Herbert’s attitude to Clarendon’s dismissal is unknown, and he was appointed to no further committees of political moment, though he took a keen interest in the rebuilding of London. He is recorded as making only four speeches. On 10 Dec. 1669 he opposed the attempt to suspend Sir George Carteret, because he ‘never remembers the suspension of any man but for things arising out of the House’. He argued cogently against double taxation of absentee Members in 1671, because it would condemn them unheard and expose the privileges of the Commons to the scrutiny of the Lords.
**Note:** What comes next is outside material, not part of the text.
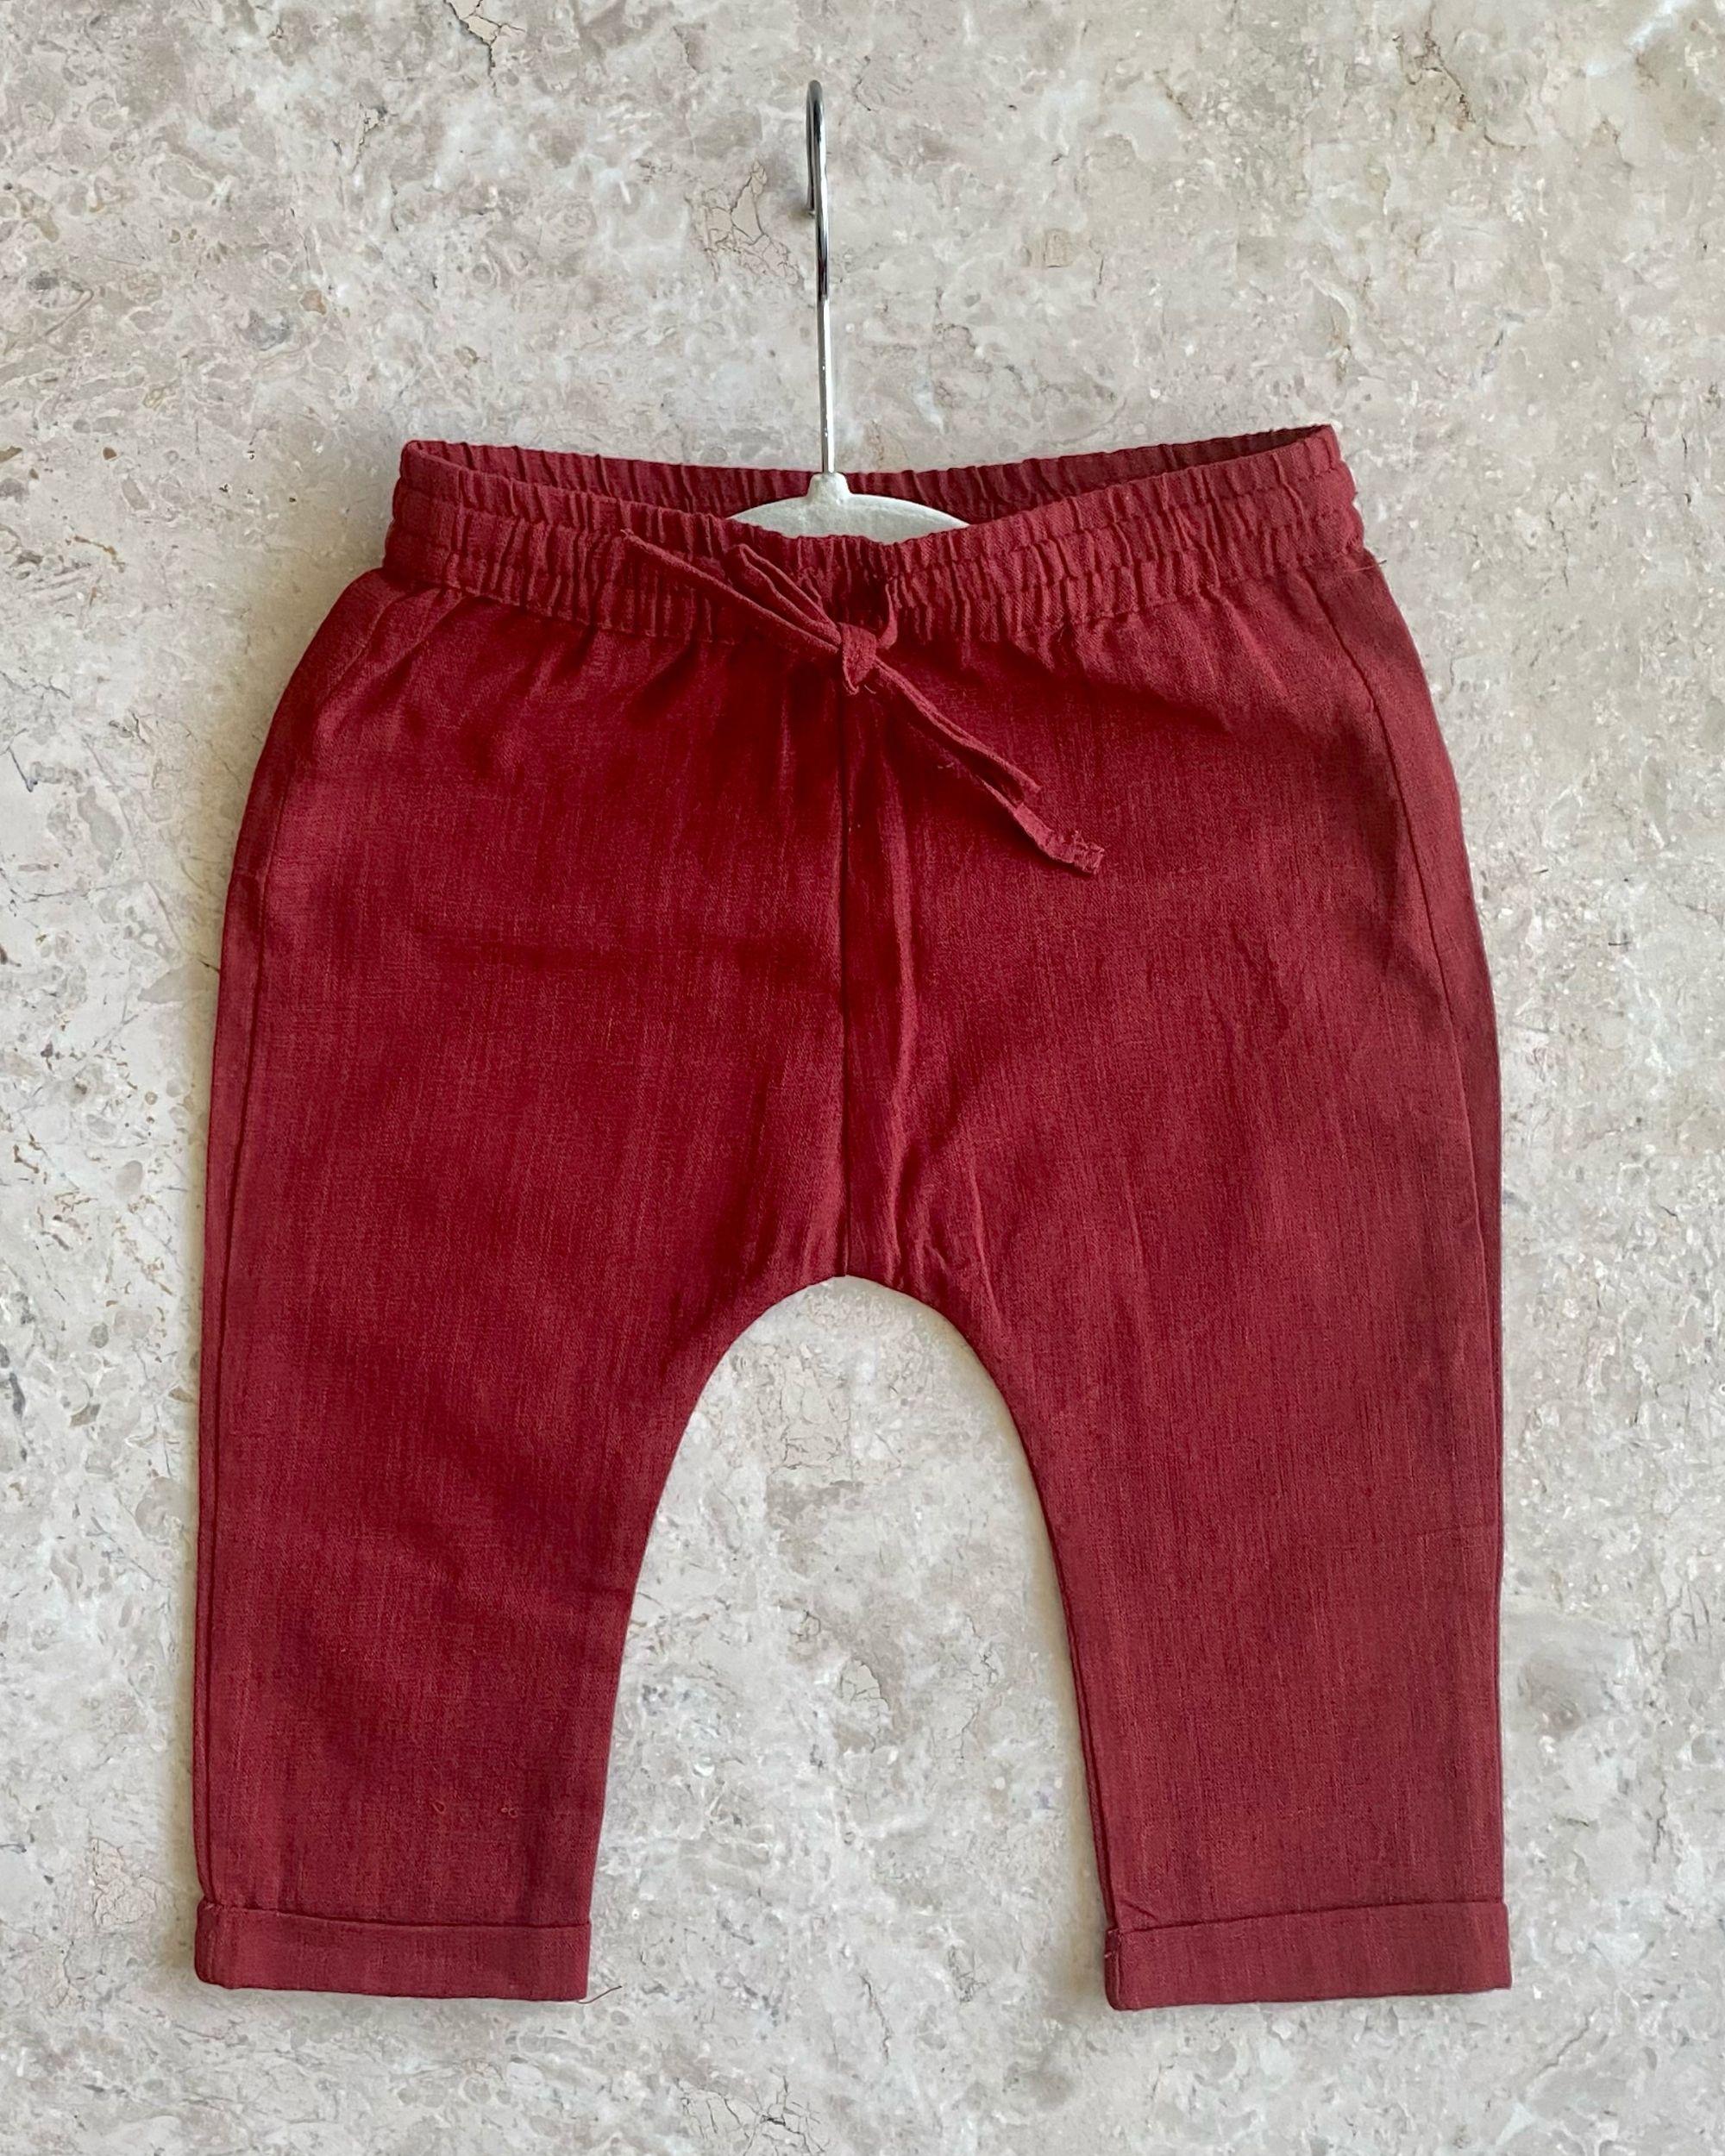 Red malkha cotton pants

He opposed the bill for a bridge at Putney on 4 Apr. because it looked like a monopoly and the House was too thin to consider so important a measure. He was on both lists of government supporters at this time as one of the Members who usually voted for supply. His last speech was in the debate on relief for ‘tender consciences’ on 14 Feb. 1673. He strongly opposed the extension of the bill to Papists, ‘for they are not quiet and peaceable men as others are’. He died on 27 Apr. and was buried at St. Paul’s, Covent Garden.6

Ref Volumes: 1660-1690

Author: Edward Rowlands

Notes

  • 1. Vis. Worcs. (Harl. Soc. xc), 47; PCC 65 Dale, 67 Byrde.
  • 2. Carlisle, Privy Chamber, 132; J. Q. Adams, Dramatic Recs. of Sir Henry Herbert, 8; Arch. Camb. (ser. 6), xvii. 195.
  • 3. J. H. Gleason Justices of the Peace, 217; Townshend’s Diary ed. Bund, ii. 276.
  • 4. VCH Worcs. iv. 308; Keeler, Long Parl. 211; SP23/186/518-43; HMC 5th Rep. 179.
  • 5. PRO 30/53/7/76; L. Hotson, Commonwealth and Restoration Stage, 202-5; CSP Dom. 1661-2, p. 244; Adams, 129.
  • 6. Grey, i. 213-14, 393, 417; ii. 35.